The word “tirah” appears seven times in the Bible. It seems to refer to some sort of enclosed castle or fort, perhaps even a fortified village. The Ibn Ezra (to Gen. 25:16) writes that “tirah” carries the same meaning as “armon.”
Rabbi Shlomo Pappenheim maintains that the root of “tirah” is the two-letter string tet-reish, which means straight line. Other words that derive from this root include “tur” (row), “matarah” (target or goal towards which one shoots straight), and “matar” (rain, which falls straight downwards).
He explains that “tirah” is related to this root because a castle is typically constructed with rows (turim) of boards. The Radak writes that “tirah” comes from “tur” as castles are typically built with rows of hewn stone.
Rabbi Pappenheim also suggests that “tirah” is related to netirah (safeguarding, protecting), which, in turn, stems from the tet-reish root. He explains that the constant vigilance and mindfulness needed to watch over something (netirah) means that one’s thoughts must be kept straight on it; they cannot deviate.
Two related corollaries are the words “tahor” (a pure or clean state that can only last if one carefully watches to make sure it isn’t sullied) and “iter” (closed – i.e., so closely protected that it is locked up and cannot function). Based on this last connection, Rabbi Pappenheim writes that “tirah” refers to an impenetrable castle or fortress, whose defenses are so well-designed that no one can enter or exit.

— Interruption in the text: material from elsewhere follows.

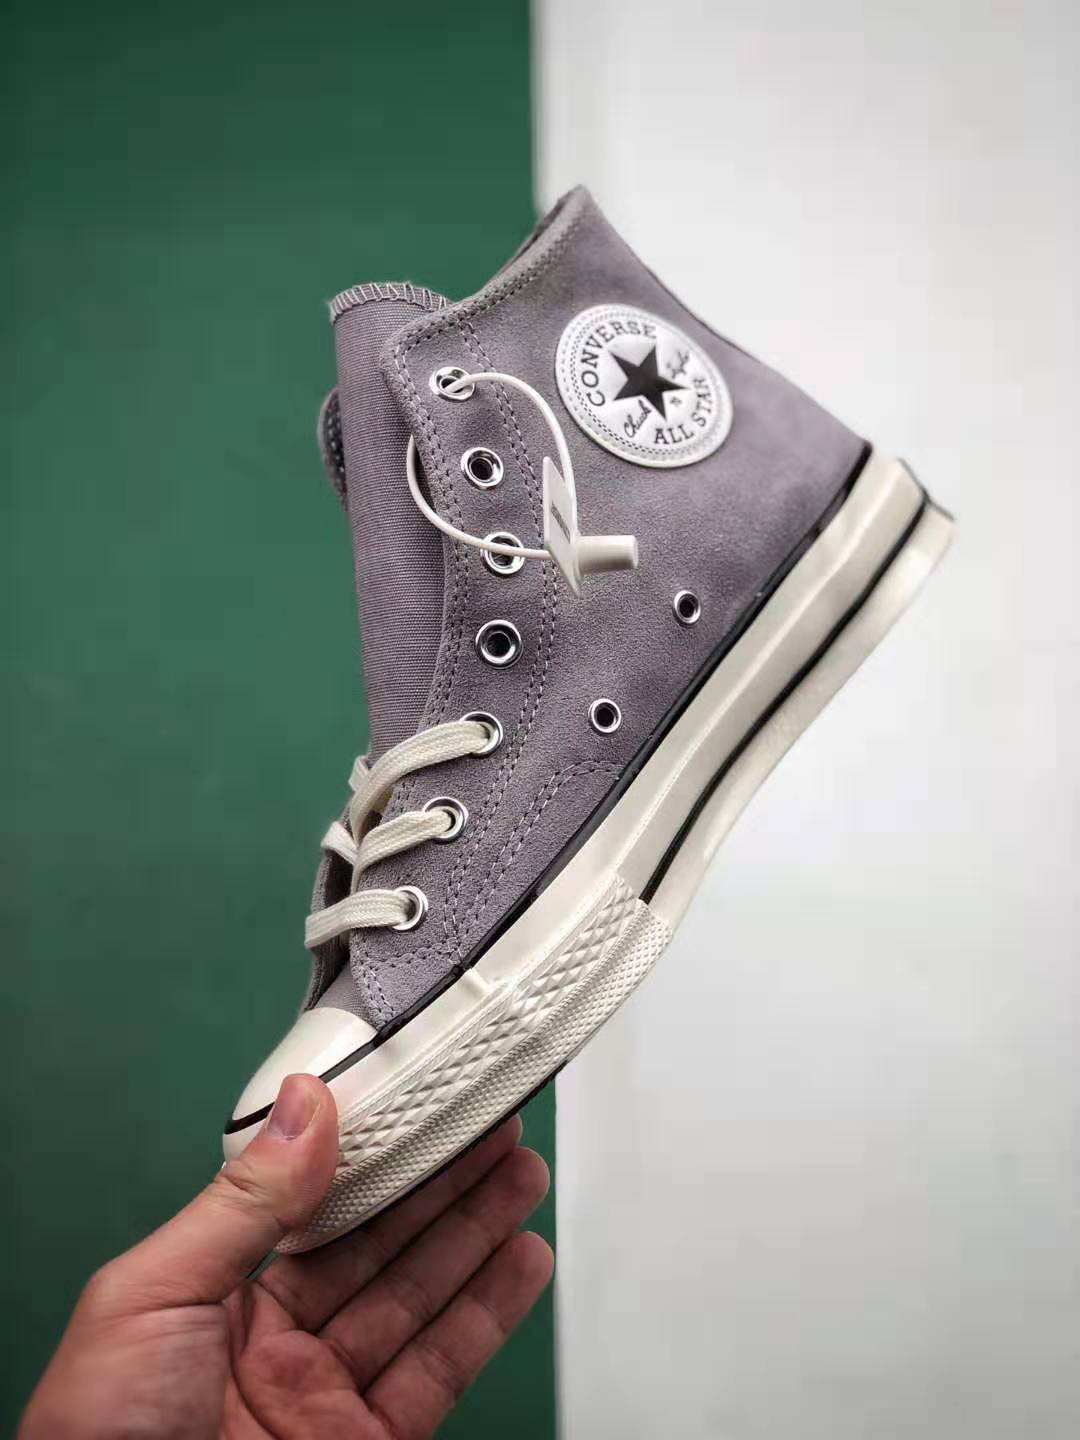 Converse Ctas Hi Moody Purple C19moo 163352C - Stylish and Trendy High-Top Sneakers
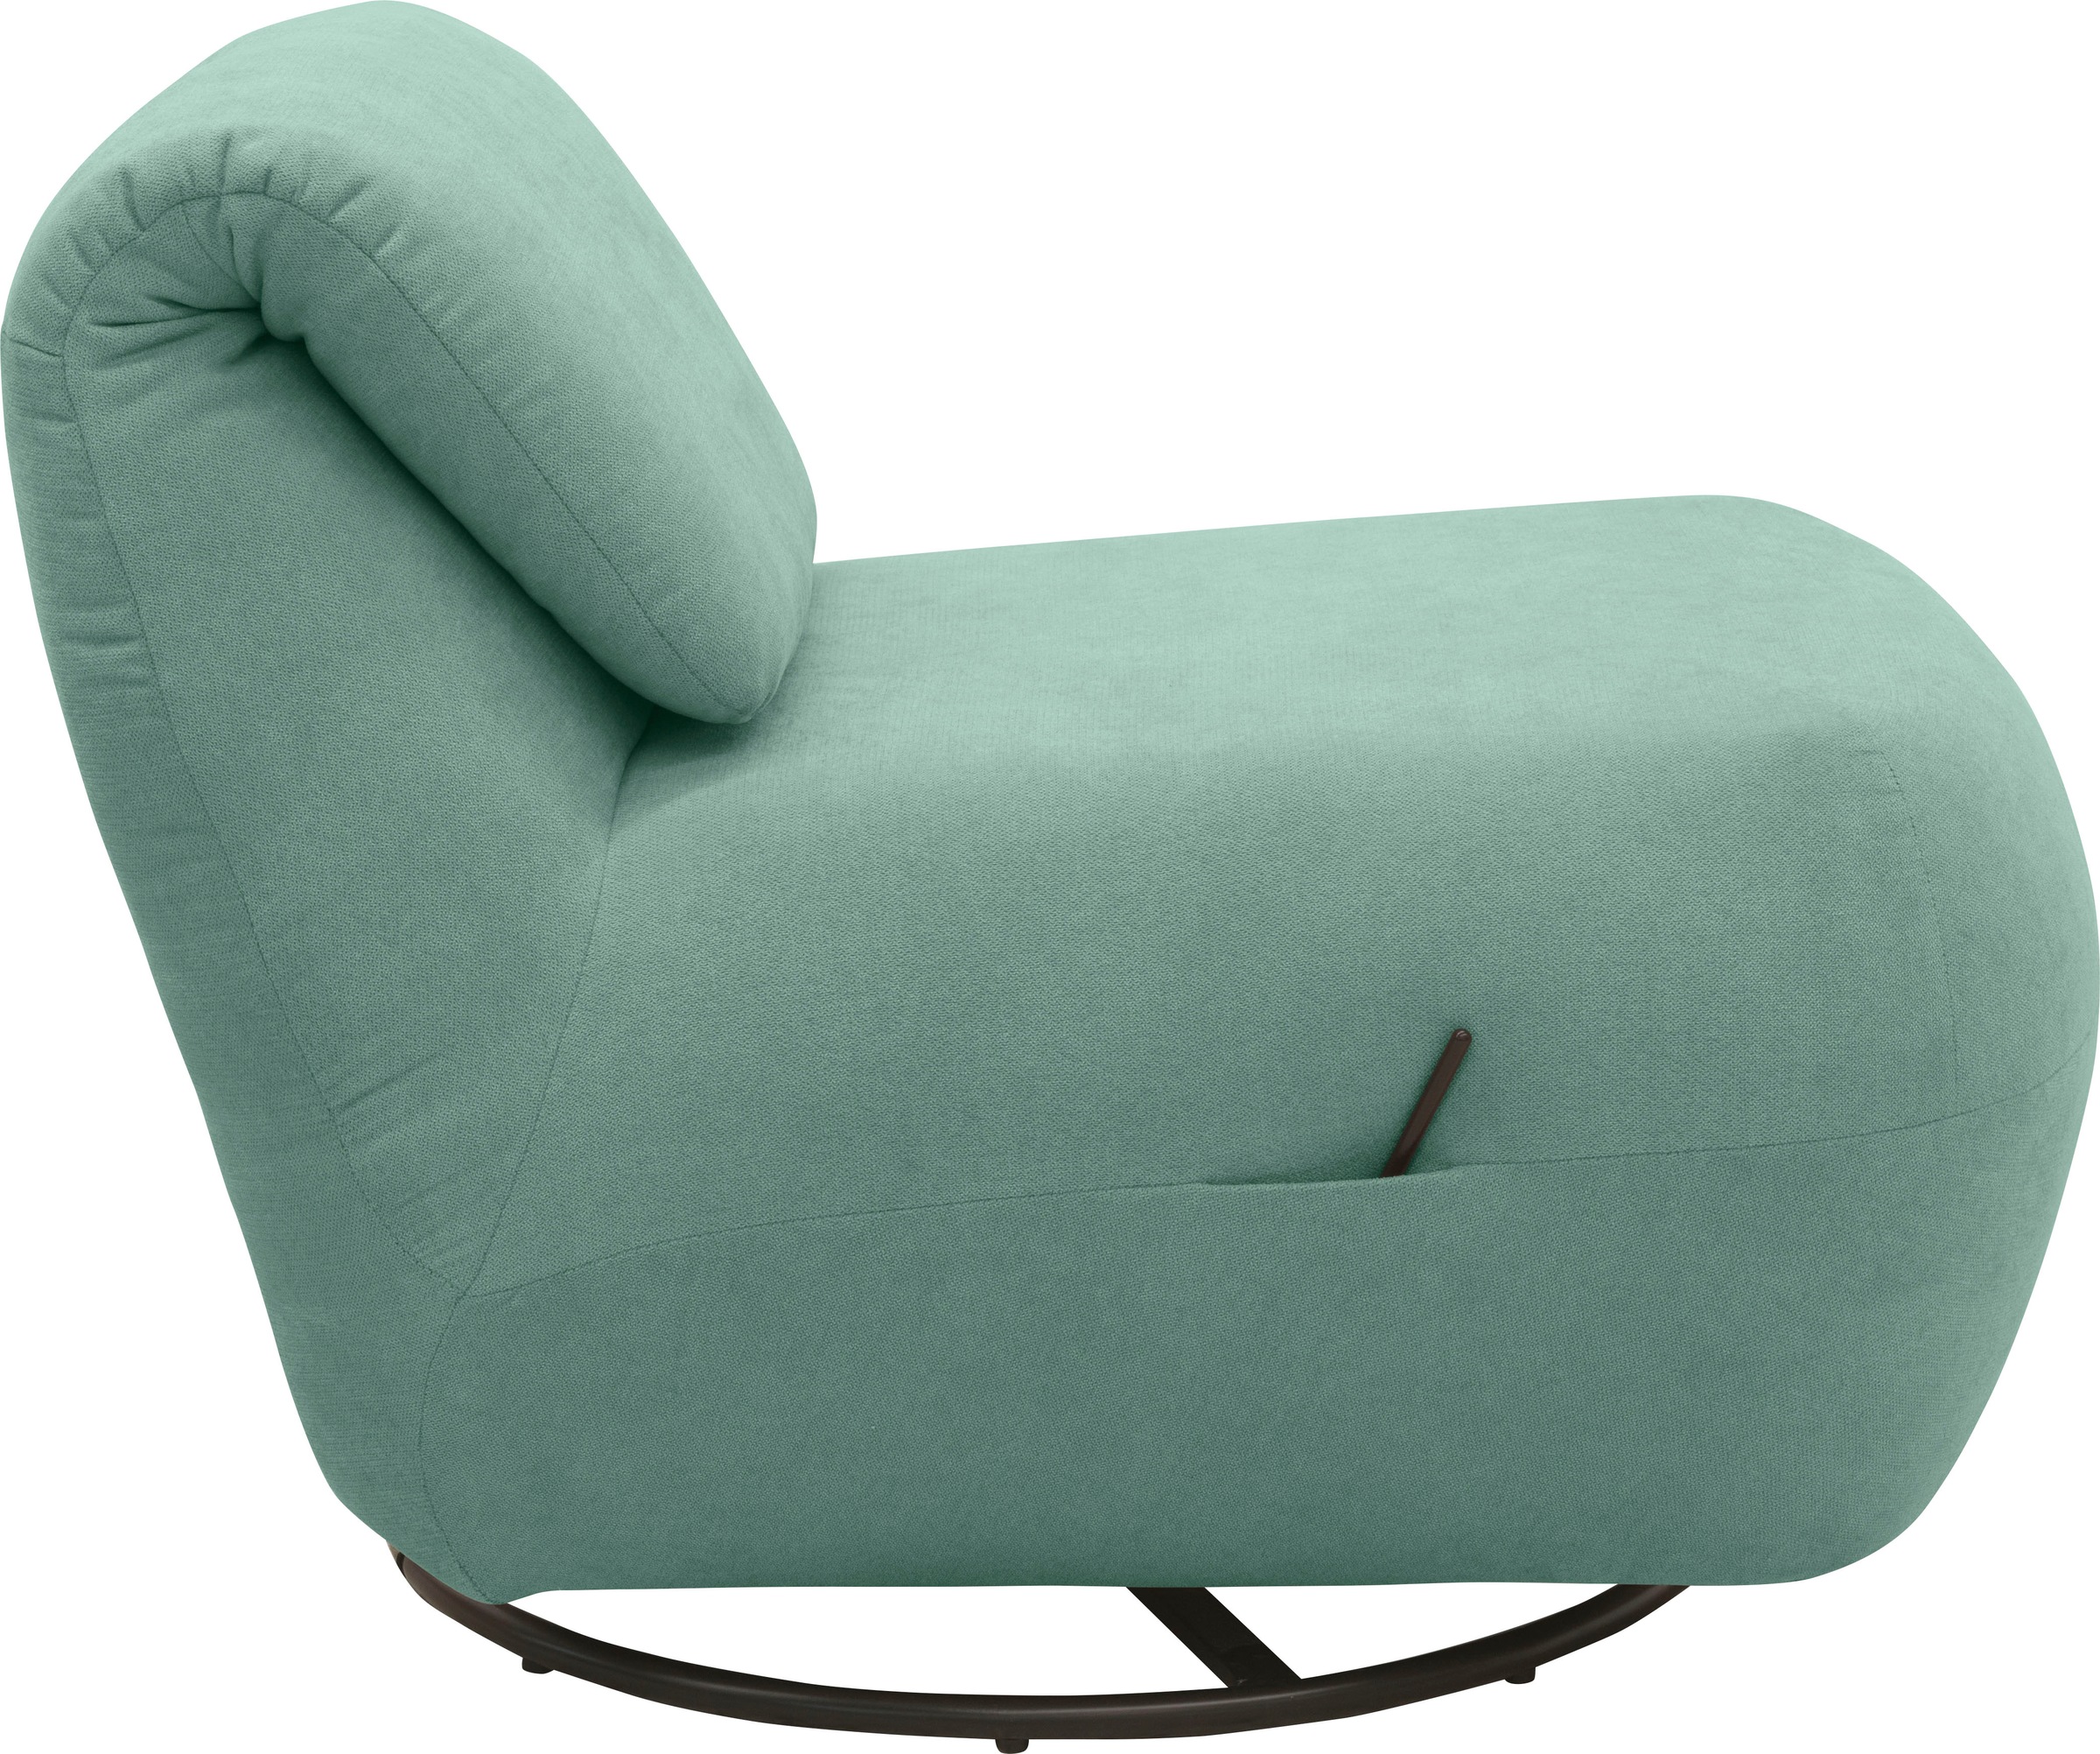 andas Relaxsessel »Emberson Sessel, Rückenlehne hochklappbar:«, Rückenverstellung, Drehfunktion, wahlweise auch Swivel (Wipp) Funktion

Rabbi David Chaim Chelouche (1920-2016), the late chief rabbi of Netanya, similarly writes that “tirah” derives from the root tet-reish (guarding), as it denote as sort of fort or citadel built to protect a king’s subjects. He also writes that a tirah is generally built with a wall surrounding it and is thus similar to a crown (an atarah), which is a special ornament that goes around a regal head. He explains that “atarah” is derived from a combination of the roots ayin-tet (cover) and tet-reish (guard).